Warning: This site contains images and graphic descriptions of extreme violence and/or its effects. It's not as bad as it could be, but is meant to be shocking. Readers should be 18+ or a mature 17 or so. There is also some foul language occasionally, and potential for general upsetting of comforting conventional wisdom. Please view with discretion.

Sunday, June 19, 2011

Libyan Crisis: Events, Causes and Facts

June 6/7 2011
edits July 2

I haven't watched it, but it's important enough to post instantly. Libya's government spokesman Moussa Ibrahim, on his Youtube channel (still not pulled as a war  crime!) has uploaded at least two long videos in a series of the above title. Please share this!

Okay, it's two parts. about 30 minutes total, and in English.
Made by R. Breki Goheda, of Tripoli.
Part 1/2:

Part 2:

Just for the unique footage used in abundance, this video is well-worth watching if one is interested in this war. The narration is workable, but should have been re-done, at least in places - there are a lot of verbal type-os. It's better than my Arabic would be. The tone is pro-Gaddafi, with the style of state news, and most English-speakers will find it unconvincing just because of that. However, the facts as presented are in some cases verifiably true and in other case, we at least shouldn't be too quick to dismiss the view from Tripoli.
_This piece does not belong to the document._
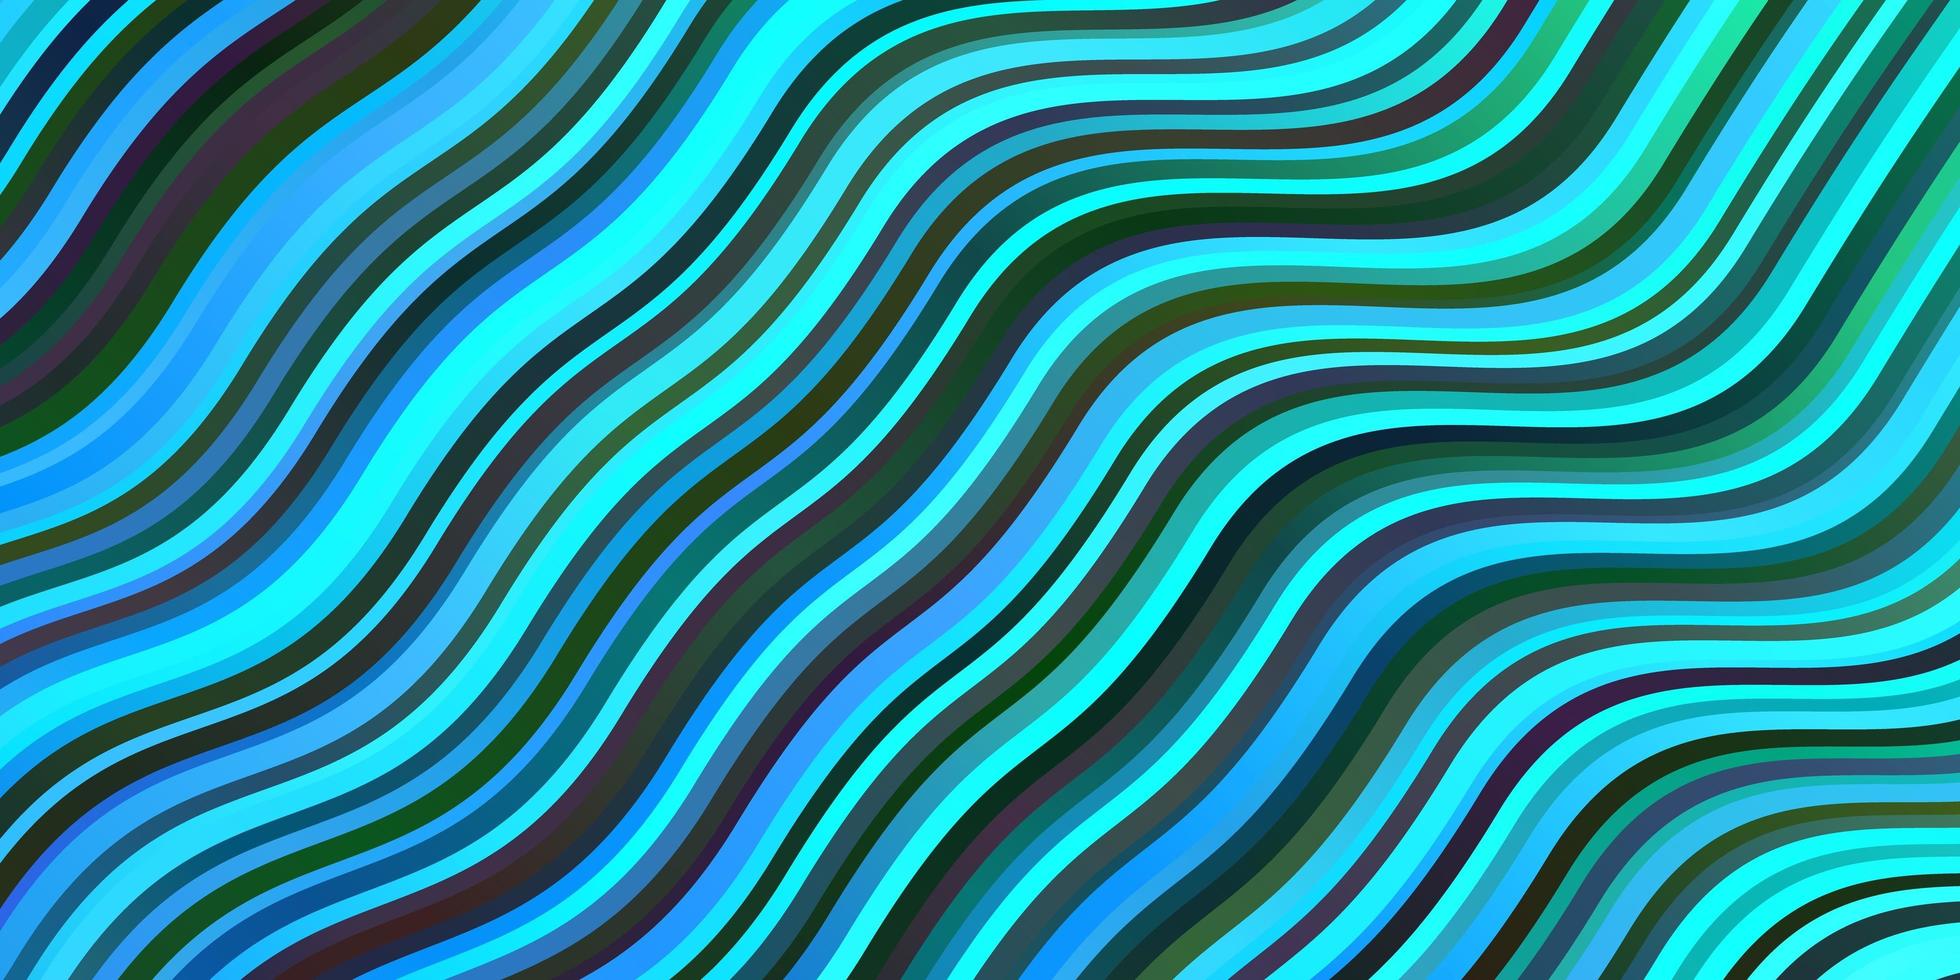 sfondo vettoriale blu scuro con linee piegate

A fair amount of detail is included, and it lines up with what I've been learning elsewhere as the nebulous, emergent, historical truth of the matter.

Part 1, around 6:15, shows the "al Baida massacre" aftermath and interrogation. The scene of the soldiers' capture, if not their execution, is given as happening at Labraq airport, near al Baida.

In essence, the video blames the violence on Islamic extremists who hijacked the peaceful protest - in some spots from the first day - and turned it into a civil war. And they are now enabled by the massive Western intervention of NATO.

It's claimed that contrary to the popular mythology, the government forces tried their best to not massacre civilians. I'm leaning that way myself seeing more and more video evidence, and the government's laxness seems to have been a huge factor in how so many cities and even military bases fell into rebel hands. It could well be argued they should have been more violent early on. Hundreds did indeed die, but on both sides, and nearly all at security bases far from the original protests, during attacks on these that eventually succeeded. A lot of detail is given here on how many total tanks (250) and other weapons fell into rebel hands, along with video of them playing with their new toys.

Besides the massive shooting of peaceful protesters, two other crucial claims are addressed - the bombing of protesters by aircraft, and the use of African mercenaries against them. Both are denied, if in a stale and unconvincing manner. Still, it's true - there's no credible evidence for either type of state crime. In fact, despite the huge importance of the charges, none of the these three main ones was ever verified in any way and thus remain, as Goheda pointedly notes, nothing but rumors.

And of course the UN security council resolutions 1970 and 1973, based on these rumors, opened the way to legal, economic, and military action against Libya. This is, of course, highly troubling now that we learn the rumors were all apparently false. More troubling yet is that the simple excuses were used shamelessly and without consequence or reproach, to muscle through a long-desired regime change agenda that will hand all of Libya to those same "armed gangs" and, more importantly, their US-educated, NATO-backed, free-marketeer puppets for plunder in the rebel leadership.